*** Opening Stored data ***

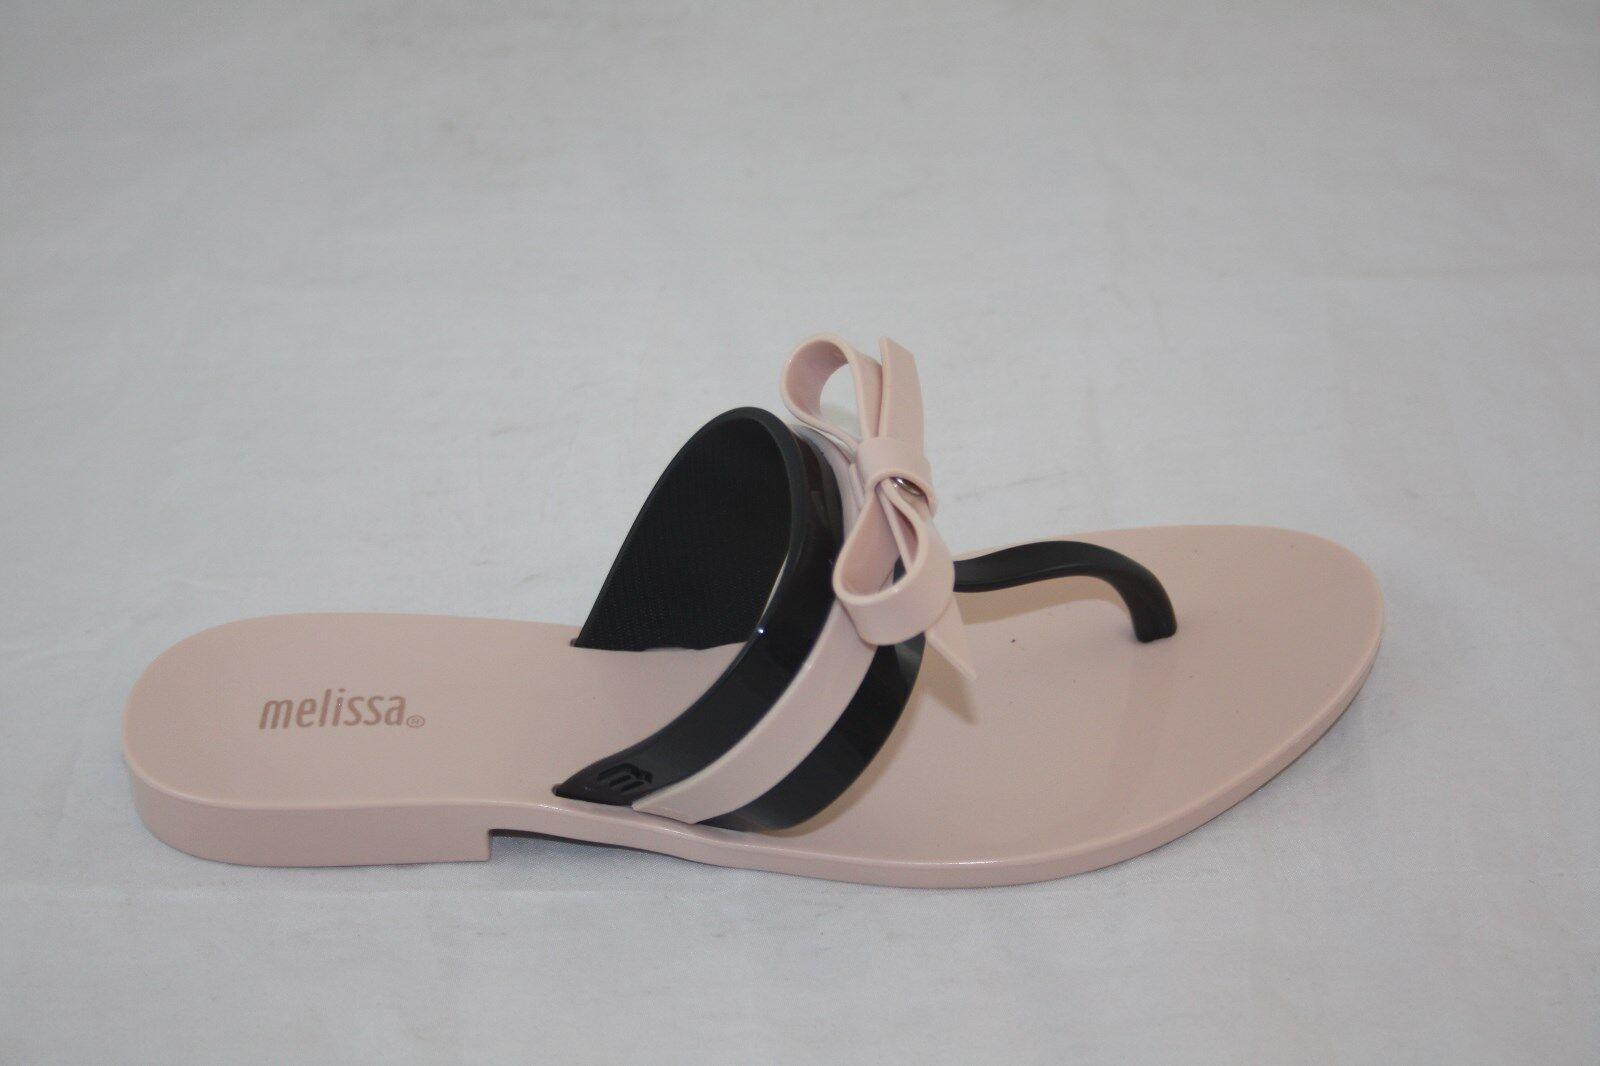 NEW WMNS 31681 MELISSA BLACK GAROTA AD 51647 PINK BLACK MELISSA BOW THONG SANDAL 06616c
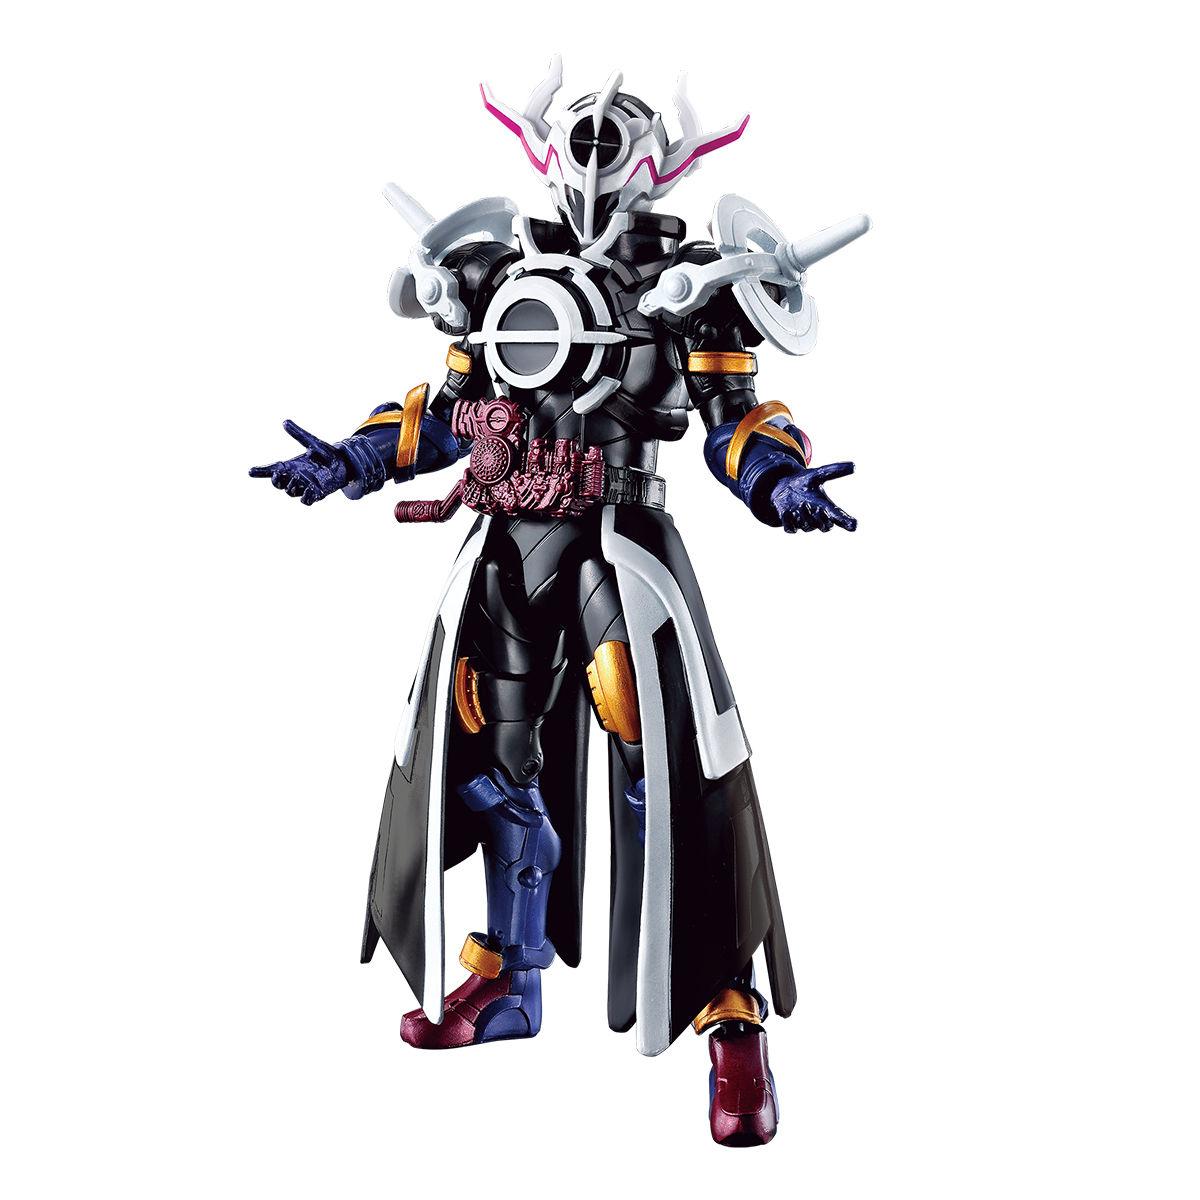 RKF RIDER KICK'S FIGURE 仮面ライダーエボル ブラックホールフォーム
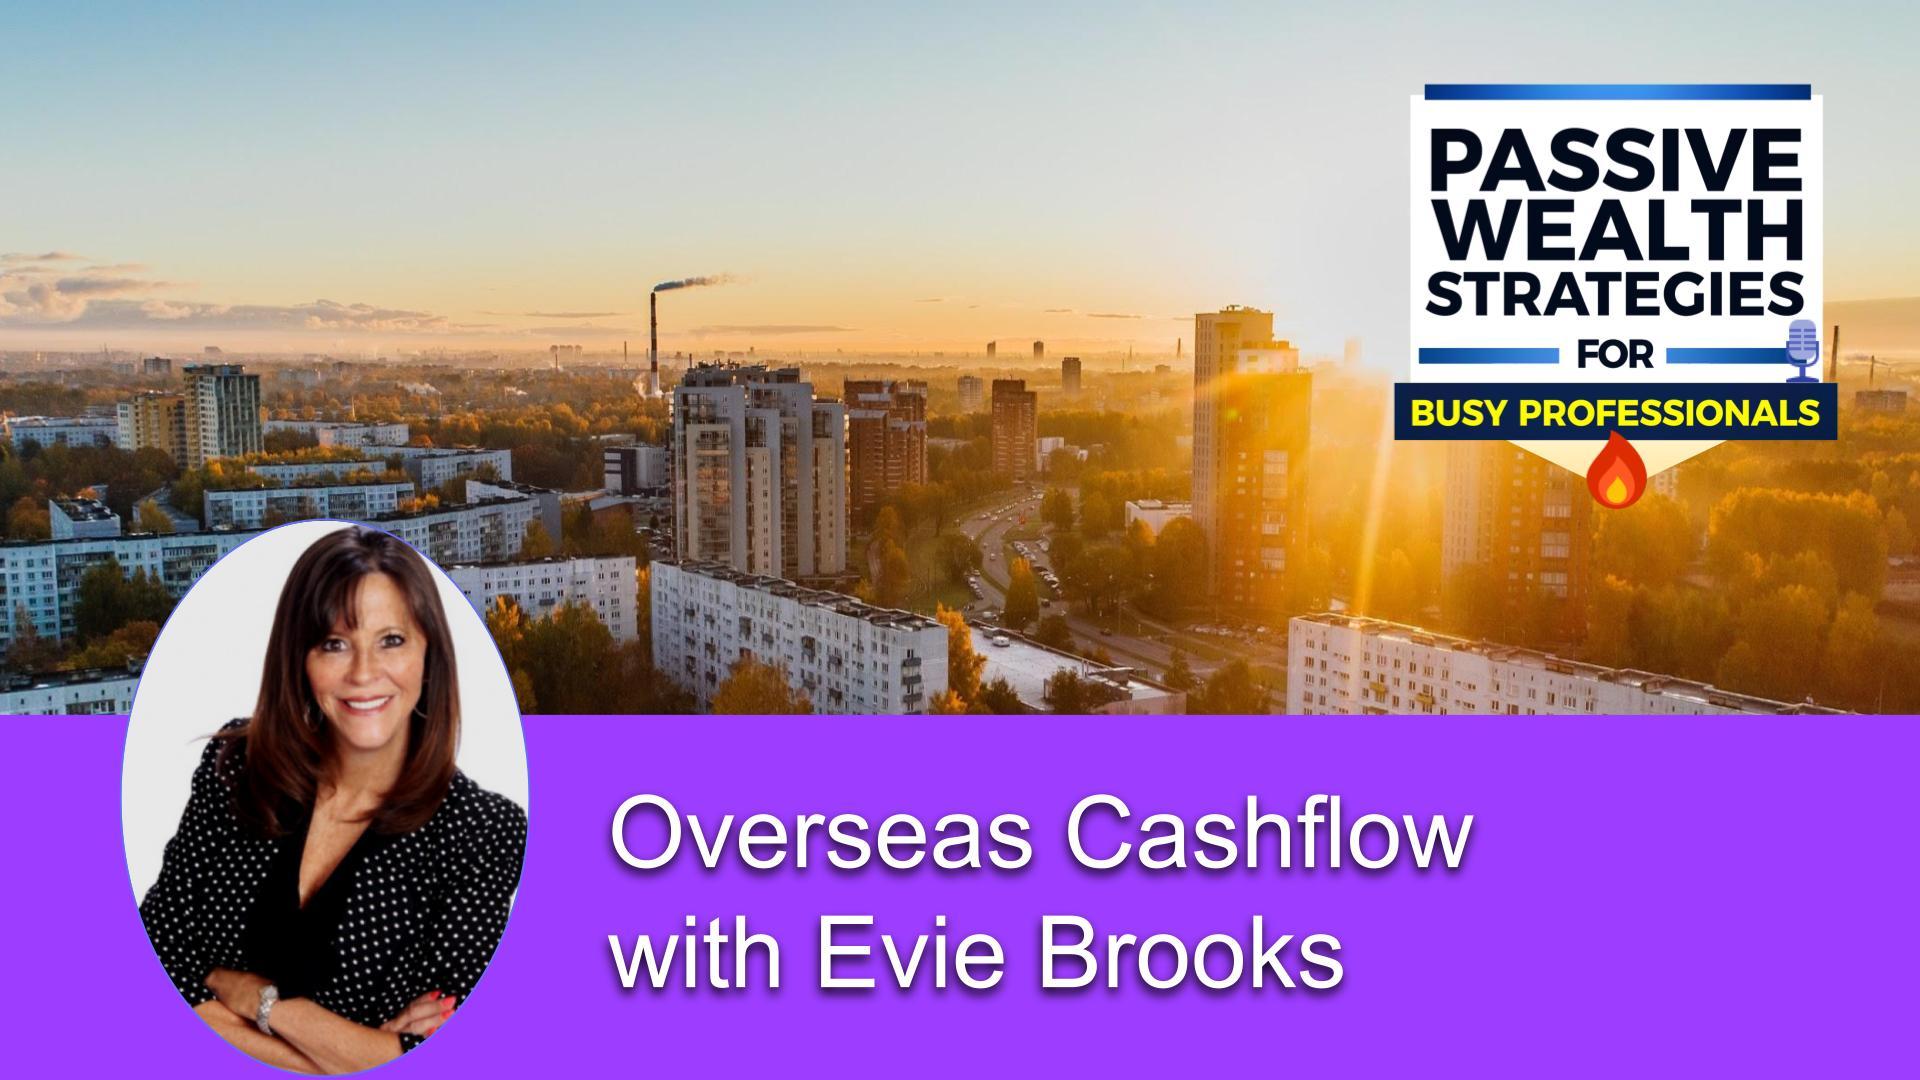 223 Overseas Cashflow with Evie Brooks

*** Closing Stored data ***

Leave the pictures aside. Set down exactly the lines from the one with "RKF RIDER KICK'S" through the final line of the listing above.

 RKF RIDER KICK'S FIGURE 仮面ライダーエボル ブラックホールフォーム
 223 Overseas Cashflow with Evie Brooks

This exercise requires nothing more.